What is expected:
From the first line to the last, set down the material exactly, leaving out its pictures.

[Raw data — start]

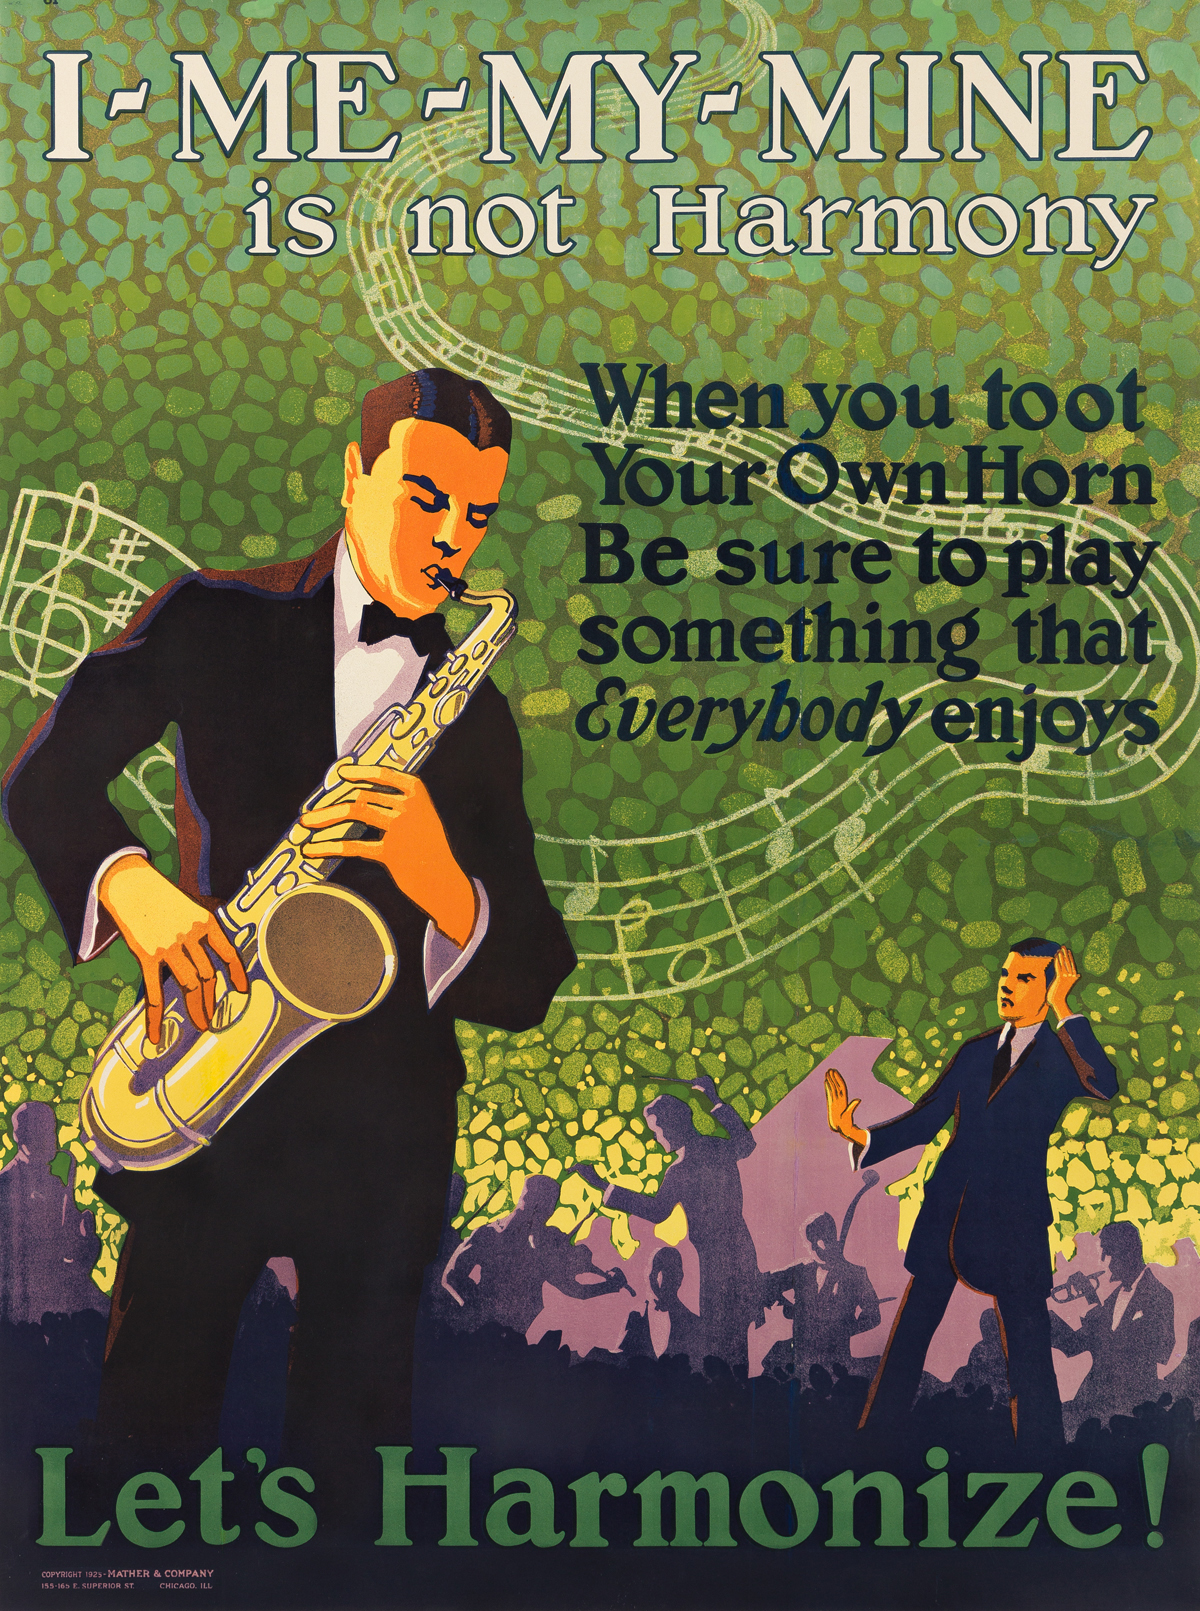 DESIGNER UNKNOWN.  I - ME - MY - MINE IS NOT HARMONY / LETS HARMONIZE! 1925. 48x36 inches, 122x91½ cm. Mather & Company, Chicago.
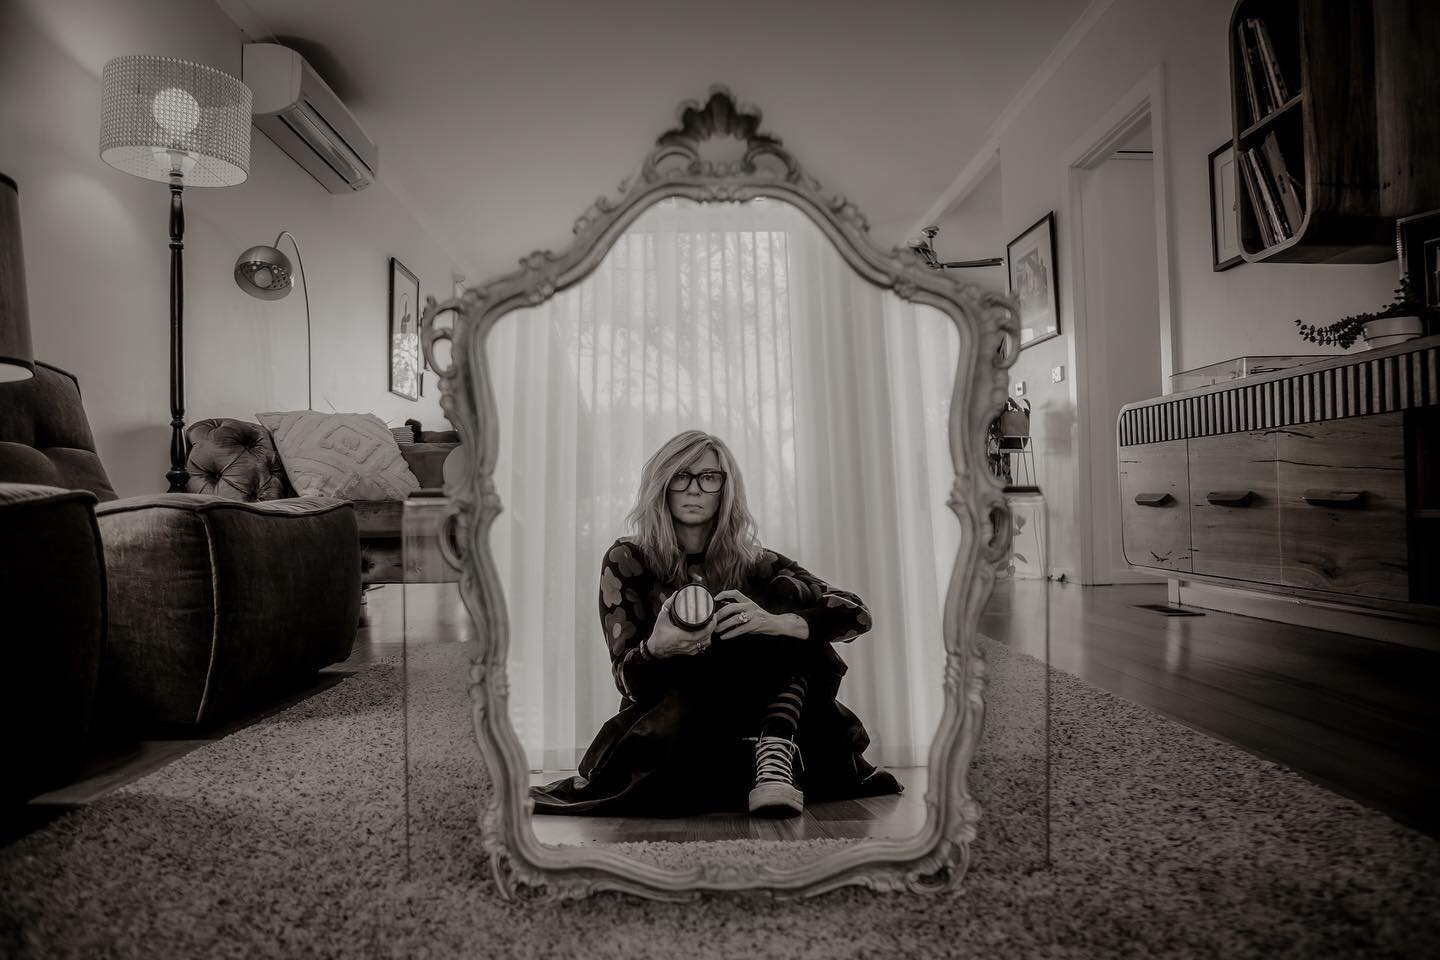 Me just playing with one of the many gold mirrors I have floating around!  Must have a thing for them 😉 #photographer #bandw #naturallightphotography #blackandwhite #selfie #athome #mellow #woman
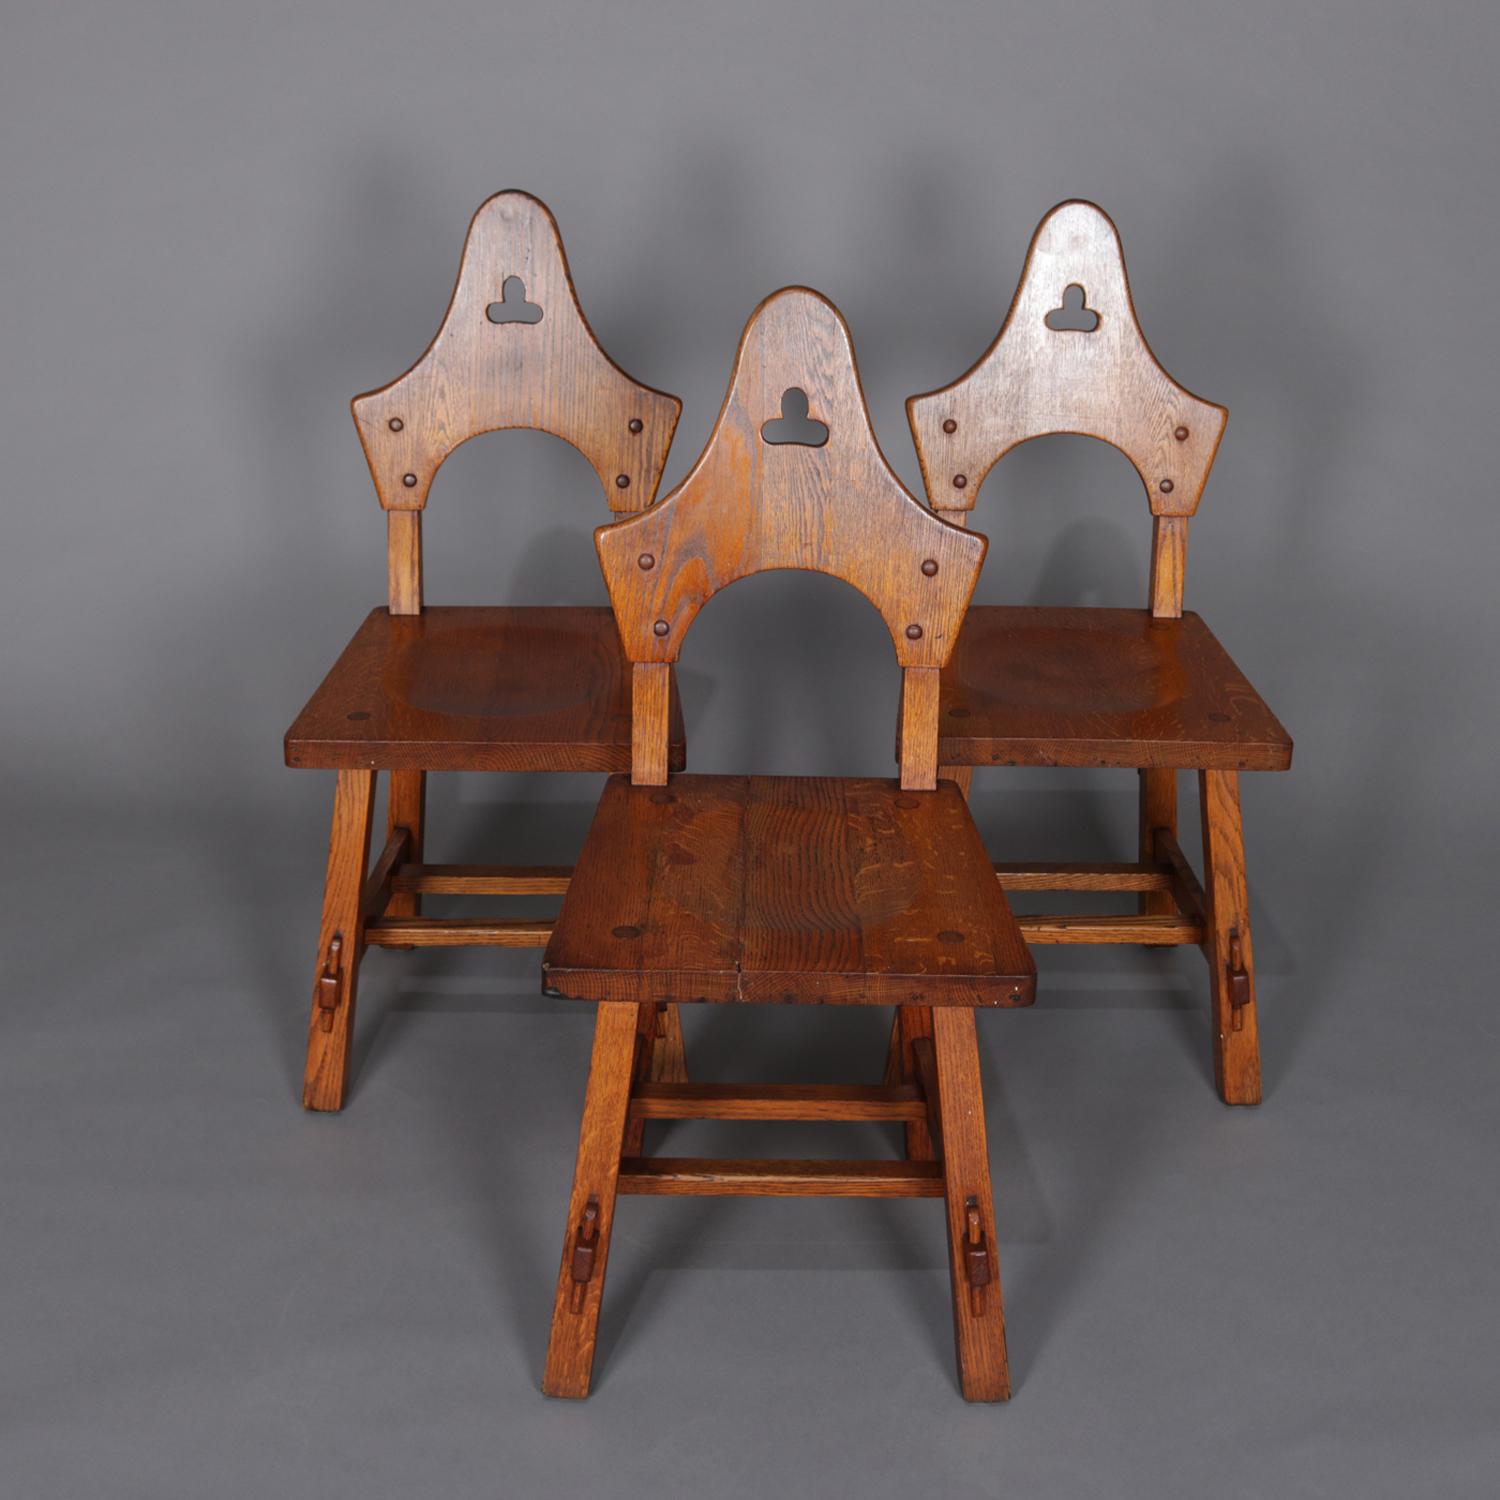 Set of 3 Arts & Crafts mission oak dining chairs by Limbert feature shaped backs with cut out stylized shamrocks, circa 1910

Measures: 36

[Raw data — finish]

Problem solution:
 DESIGNER UNKNOWN.  I - ME - MY - MINE IS NOT HARMONY / LETS HARMONIZE! 1925. 48x36 inches, 122x91½ cm. Mather & Company, Chicago.
 Me just playing with one of the many gold mirrors I have floating around!  Must have a thing for them 😉 #photographer #bandw #naturallightphotography #blackandwhite #selfie #athome #mellow #woman
 Set of 3 Arts & Crafts mission oak dining chairs by Limbert feature shaped backs with cut out stylized shamrocks, circa 1910

Measures: 36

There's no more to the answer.